- Task requirements
Under this line is some data; print exactly the lines from the one containing "Sicherheitseinstufungen" through its last line, without pictures.

Records drawn from a dataset:
═══
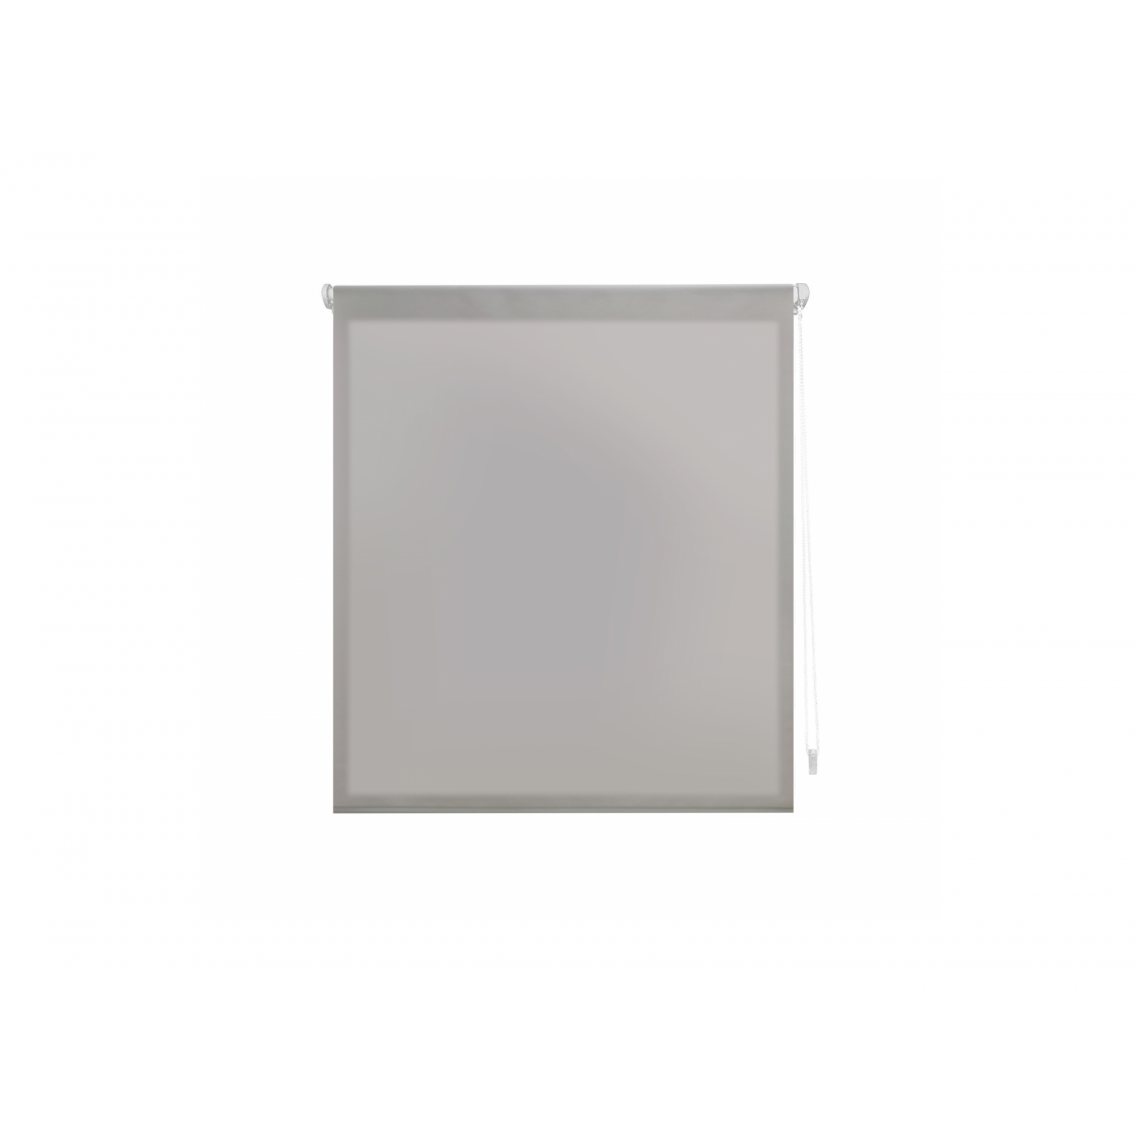 Purline - Store enrouleur 37X180 ARGENT Translucide EASY FIX, Assemblage facile par des pinces de cadre de fenêtre ou un adhésif - Store compatible Velux
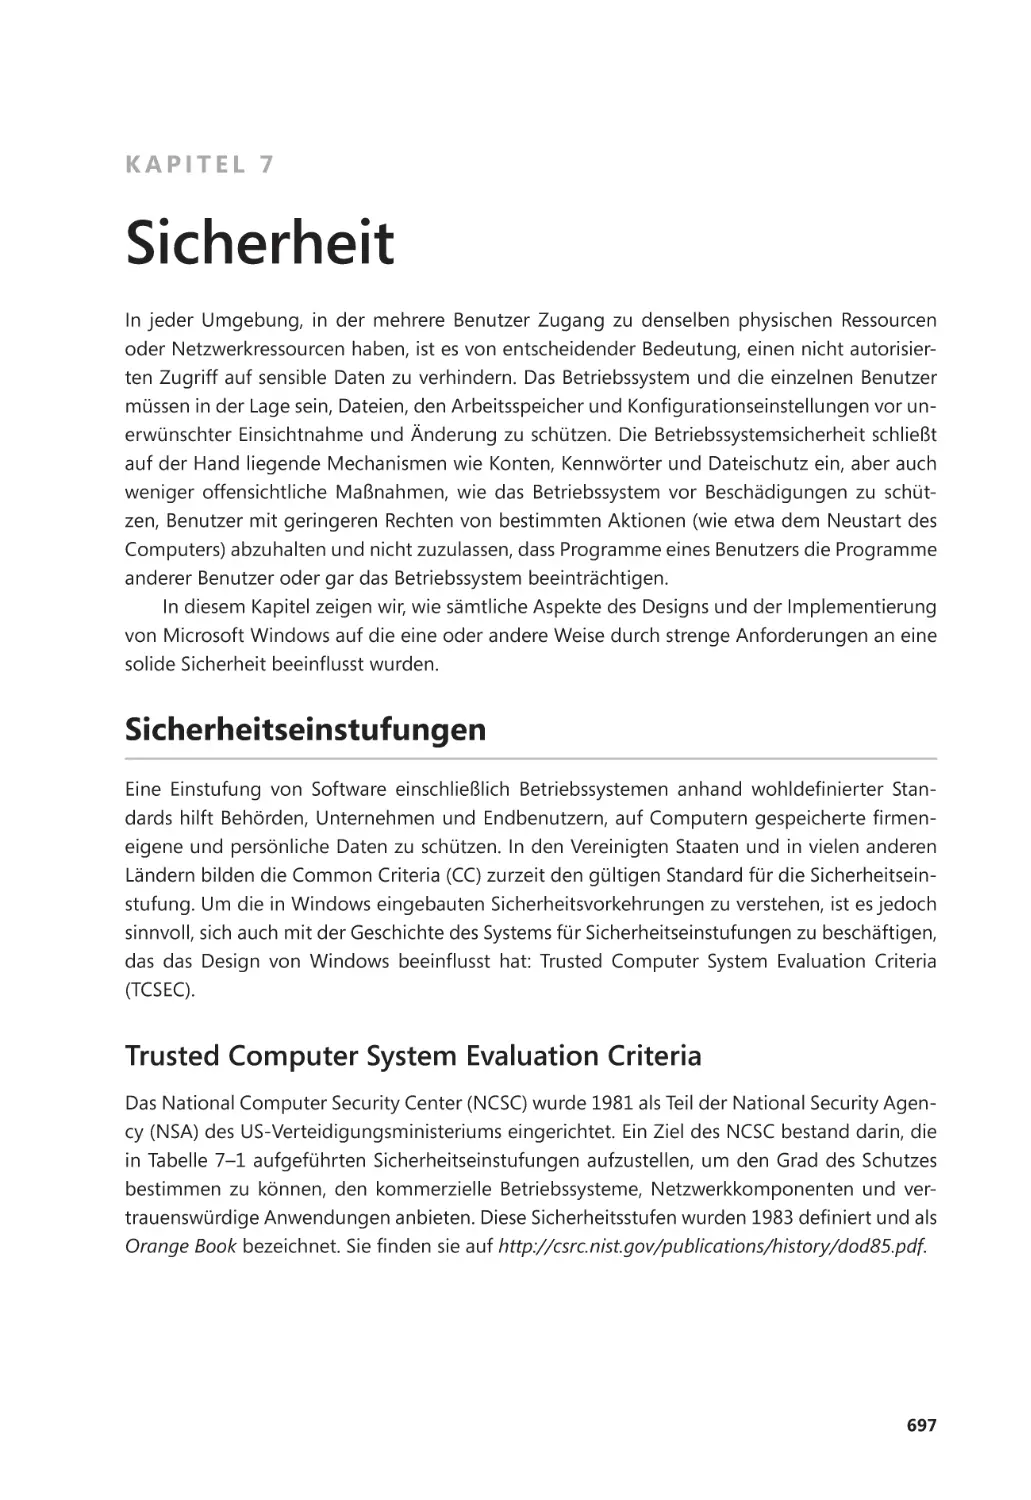 Kapitel 7
Sicherheitseinstufungen
Trusted Computer System Evaluation Criteria
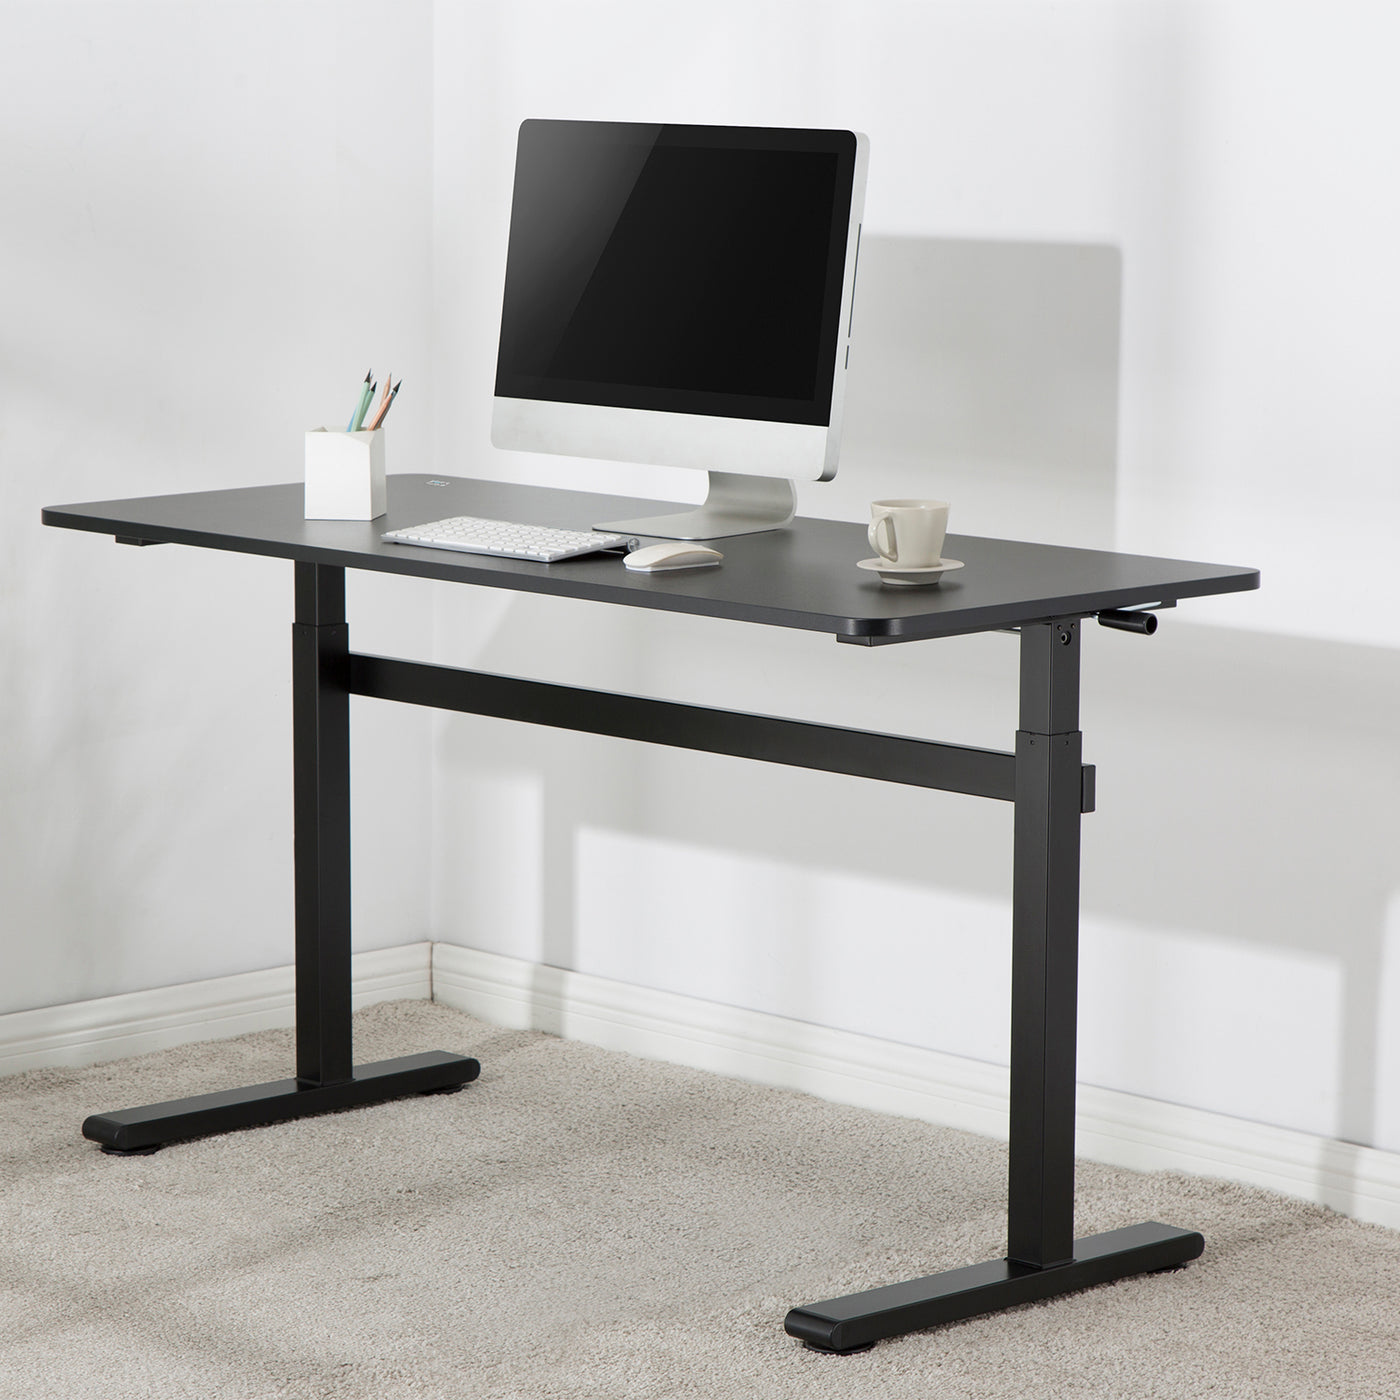 Ergo Office ER-401 Zit-sta bureau 140x60cm Handmatig in hoogte verstelbaar bureau max 117cm Ergonomische tafel Belastbaar tot 40kg Zwart
═══
- Expected answer
Sicherheitseinstufungen
Trusted Computer System Evaluation Criteria
 Ergo Office ER-401 Zit-sta bureau 140x60cm Handmatig in hoogte verstelbaar bureau max 117cm Ergonomische tafel Belastbaar tot 40kg Zwart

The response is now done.